All’università litigavo con la gente sulla decisione “andarsene o restare”. Io sono sempre stata una sostenitrice del restare, ma non m’è mai sembrata una cosa da sfigati, piuttosto una presa di posizione incazzosa, del tipo: “i miei avi hanno buttato sudore e lacrime su ‘sta terra, non esiste che io me ne vado”, una cosa così.
Però è pure vero che certe zone sono più faticose rispetto ad altre, e certe volte so’ terrorizzata dai vari scenari che mi si possono aprire davanti. Perciò oggi non sono più così estremista, non ce l’ho più con chi se ne va via, lo capisco… non mi fa più l’effetto “che fico!” che mi faceva a 15 anni, ma non mi fa manco più incazzare come a 20.
Però penso che una cosa bisogna farla, prima di decidere se andare o restare: chiedersi il perché. Dato che alla fine non c’è una scelta giusta o una sbagliata, e che tanto entrambe le decisioni ti faranno faticà, conviene sapere per cosa faticherai, almeno lo farai in pace.
Il luogo dove ti senti a casa è il luogo dove trovi i valori che ti corrispondono, come dico sempre: quelle storie che ti racconti e che danno valore alla tua vita le trovi in un luogo dove qualcuno le ha messe prima di te e qualcun altro le manda avanti.

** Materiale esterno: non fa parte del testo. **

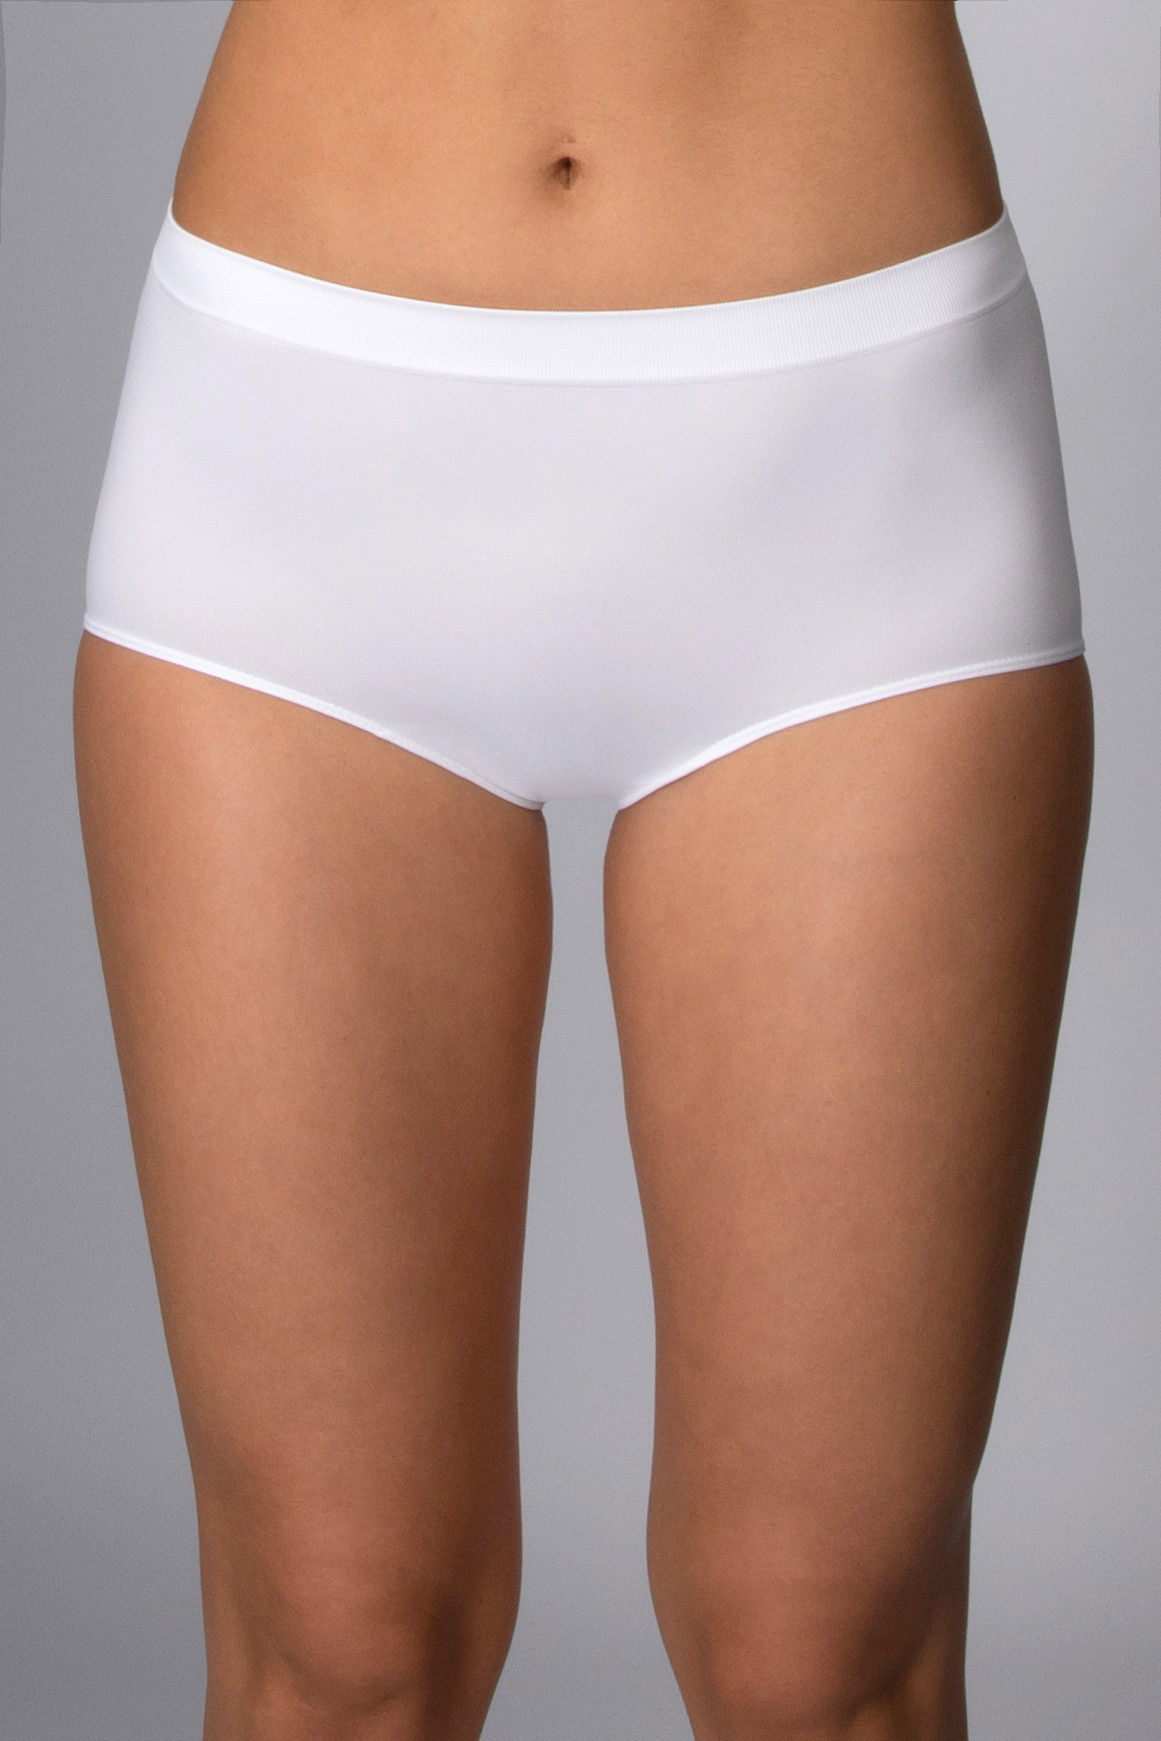 Kalhotky s vyšším pasem bezešvé Culotte Intimidea Barva: Bílá, velikost S/M

Però quelle storie le devi conoscere, i valori di un certo territorio devono uscire (valorizzare, si dice…) altrimenti come si fa a scegliere bene.
Quei valori stanno nei musei, nel paesaggio, nelle cose che si mangiano, nelle musiche che si danzano, nei racconti che si fanno… Tutte cose intrecciate insieme come la trama di un tessuto, diverso da zona a zona e sempre interessante, e io, che sono una tizia ostinatamente di provincia, parlo di quelle cose lì.